Often you see the singleton design pattern being used for Java services in the context of a servlet. Most often this is I see this done for JDBC connection brokers. You can imagine how useful it is to be able to statically access and request a JDBC connection without having to pass a pointer around. Using a static variable to reference obviously makes things easier, but at what cost? Using a static reference works well if you only have one application running inside a single JVM. However servlets may, or may not work that way. You don't know. Most servlet runtime environments in fact do run all servlets inside a single JVM.

    So the result is that static reference is shared between all servlets, in this case a JDBC Broker. This poses a couple problems. Now a single rogue servlet can disable all other servlets running on a server by modifying that static reference. One servlet cannot modify the settings on the static variable without risking interfering with the operation of other servlets.

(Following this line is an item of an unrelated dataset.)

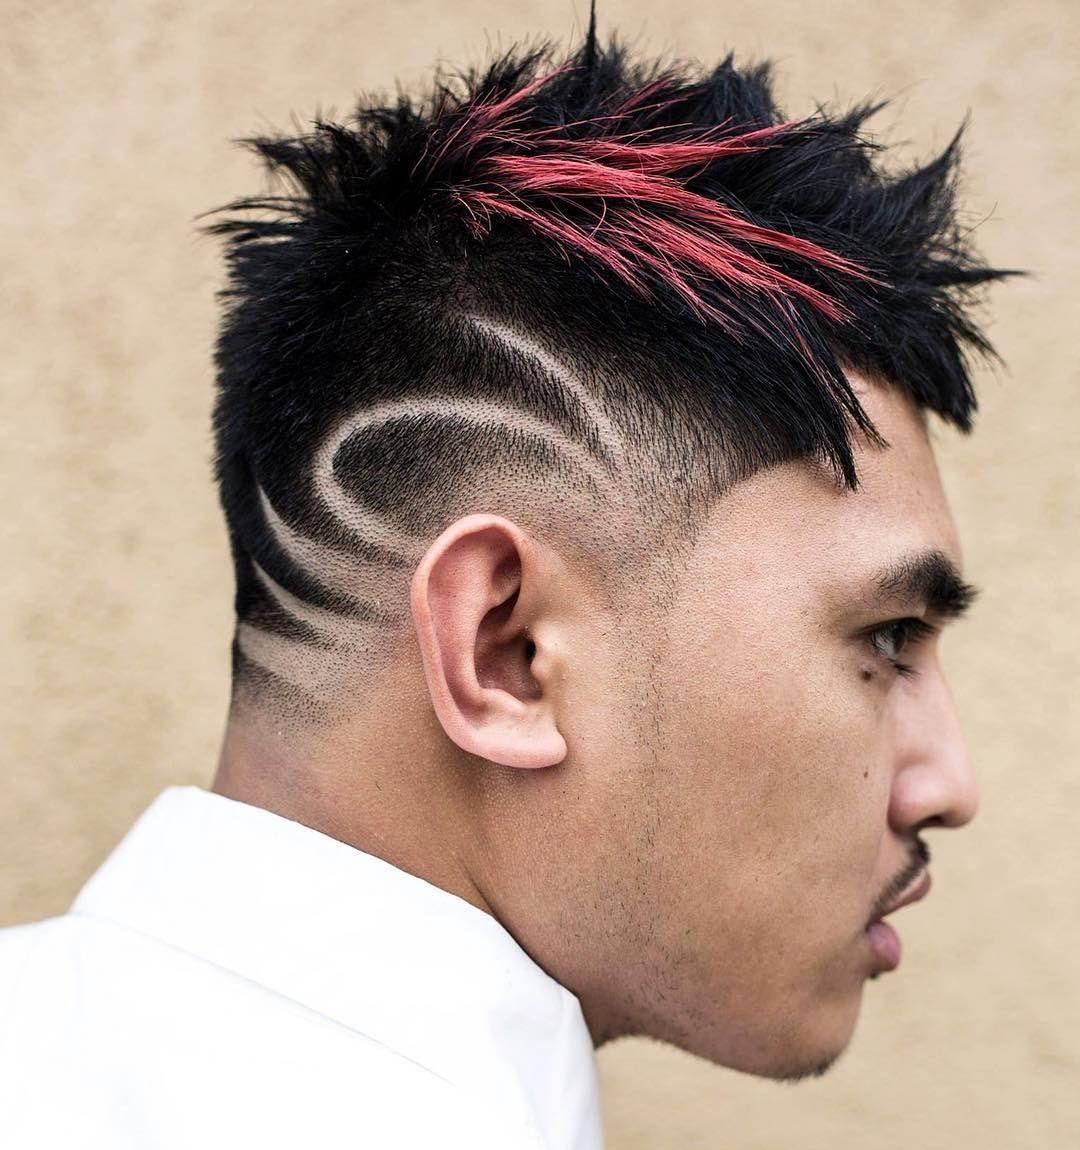 150 Best Short Haircuts For Men Most Popular Short Hair Styles Mens Hairstyles Short Short Hair Styles Haircut Designs

    The original design of apollo used a static holder to allow easy access to the PageManager, LogManager and the other services without having to pass around a pointer. This had to be quickly phased out because as soon as a second servlet started on the same server, it would reprogram the PageManager with the second servlets Page tree, disabling the first servlet. What apollo now uses is may seem something less then ideal. There is an object called the ManagerTracker (MT for short), which is required to access any of apollo's services. This, unfortunately, means you need to pass this object into the constructors of any objects which need a ManagerTracker reference. This can become frustrating at times, but the alternative, a singleton reference to the ManagerTracker, is even worse. Although apollo encourages the use of a non-singleton approach, apollo should still function if a singleton reference is used. If the final deployment is in a controlled environment, a singleton reference could be used, but it may end up being a dangerous design decision.